Desde octubre de 2019 -cuando pareció que la institucionalidad sucumbiría a la violenta asonada del octubrismo- el país ha llevado adelante una inédita serie de elecciones populares que, bien podría decirse, no nos han dado respiro. Desde entonces los chilenos hemos elegido a un gobernante -el Presidente Gabriel Boric-, a senadores y diputados, y a gobernadores y alcaldes (dos veces a falta de una), entre otras autoridades. Además, no faltaba más, acudimos en tres oportunidades para pronunciarnos sobre temas constitucionales -en un plebiscito de entrada y dos de salida. Y otras dos para elegir a los integrantes de las convenciones constitucionales que serían las encargadas de escribir los textos que en cada caso fueron plebiscitados.
A punta de contiendas electorales, una tras otra, emitiendo votos como nunca en nuestra historia, hemos ido dejando atrás el animus refundacional y destituyente que se tomó al país hace cinco años.
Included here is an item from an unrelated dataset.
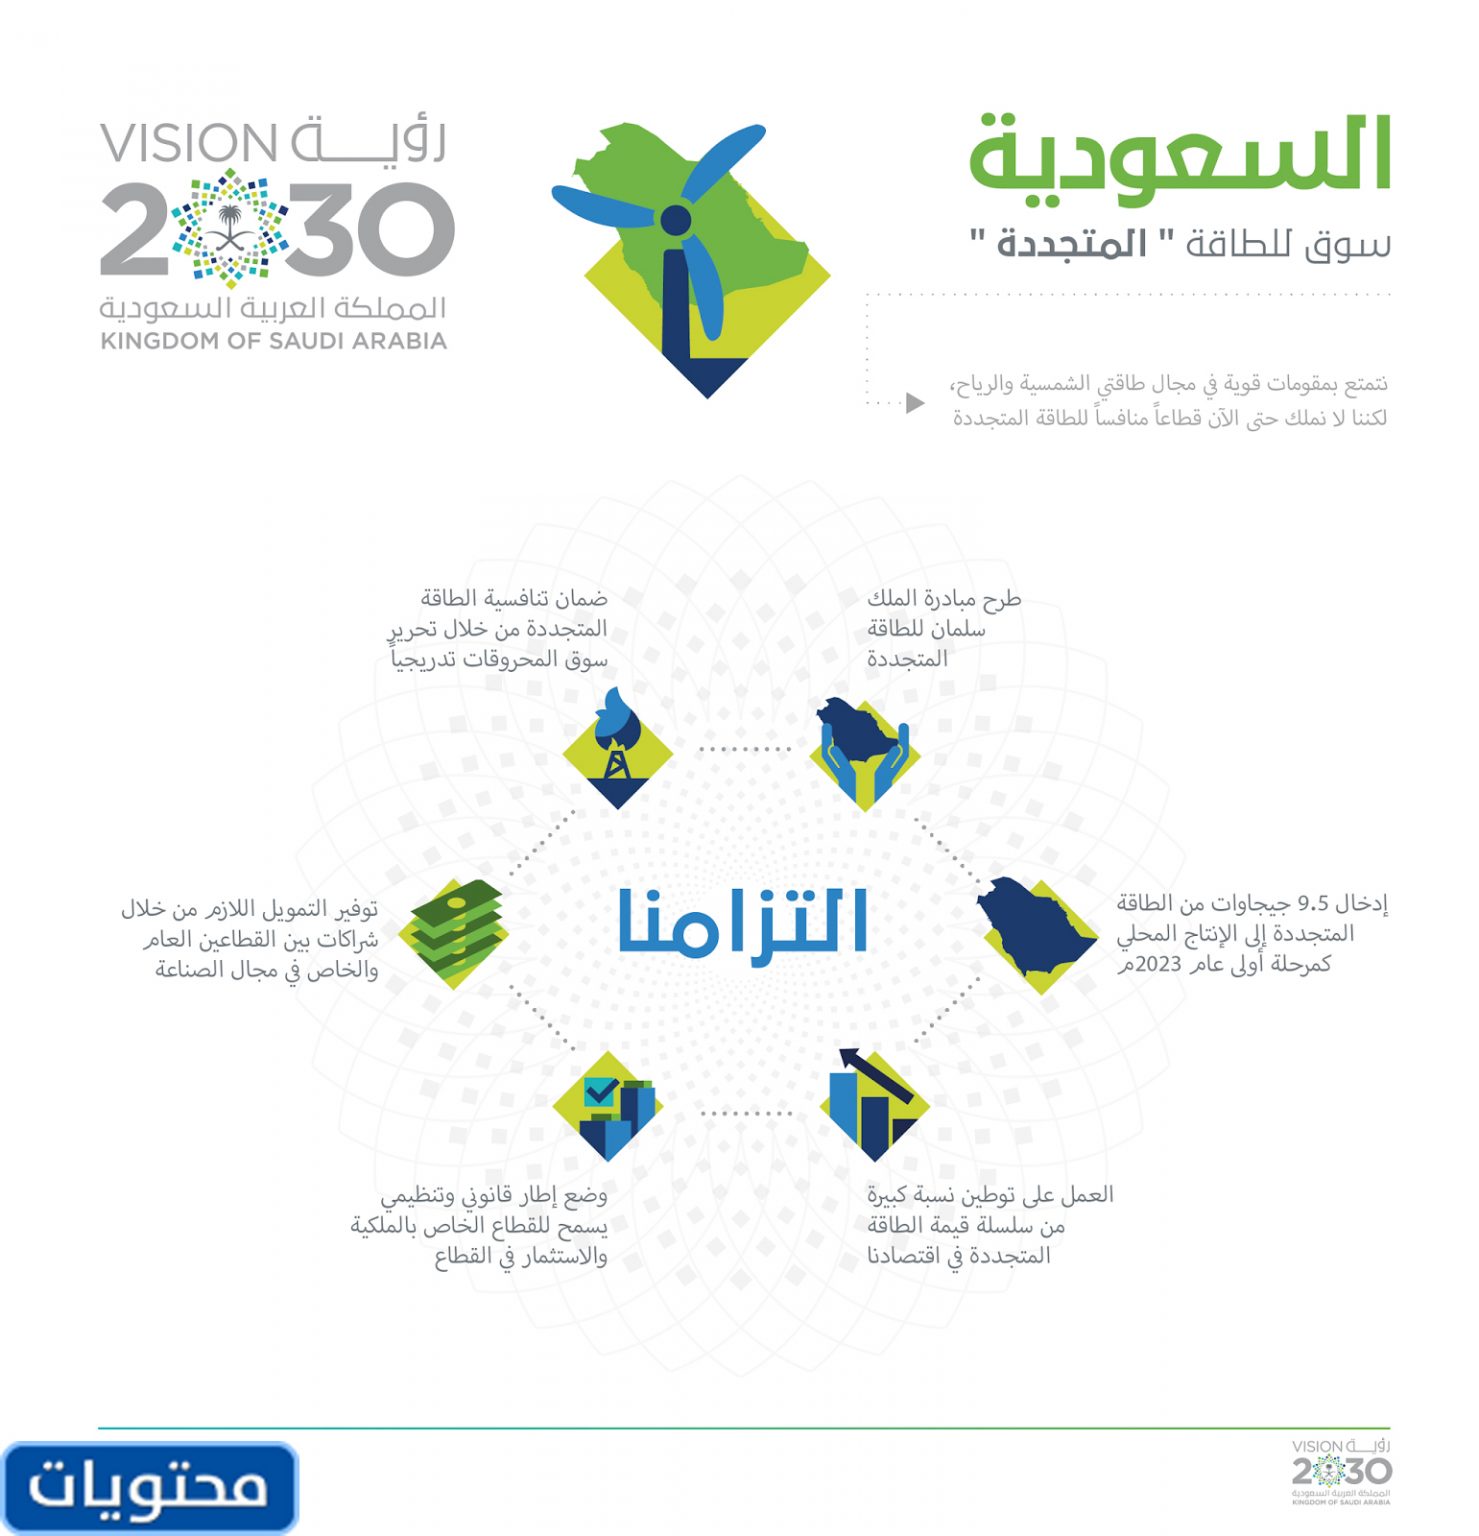 صور رؤية 2030 جديدة وصور خطوات رؤية 2030 موقع محتويات

Ha colaborado el voto obligatorio, que volvió a sus fueros en el trascendental plebiscito de 2022, más que duplicando el contingente de electores que ahora acuden a los locales de votación. Una elevada participación del 85%, como la que se verificó el último fin de semana, contradice la noción de una creciente desafección del electorado con la democracia. La discreta suma de votos nulos y blancos en la elección de alcaldes -la más simple y cercana al elector de las que estaban en juego- refuerza esta conclusión.
De las pocas instituciones en las que confiamos los chilenos -desde hace un tiempo que Bomberos y la Armada llevan la delantera- las elecciones populares, con la compleja y extendida organización que las rodea, donde el Servel sobresale con distinción, están entre las más valiosas de las que funcionan en nuestro territorio nacional, sólo comparable al Banco Central en el ámbito económico.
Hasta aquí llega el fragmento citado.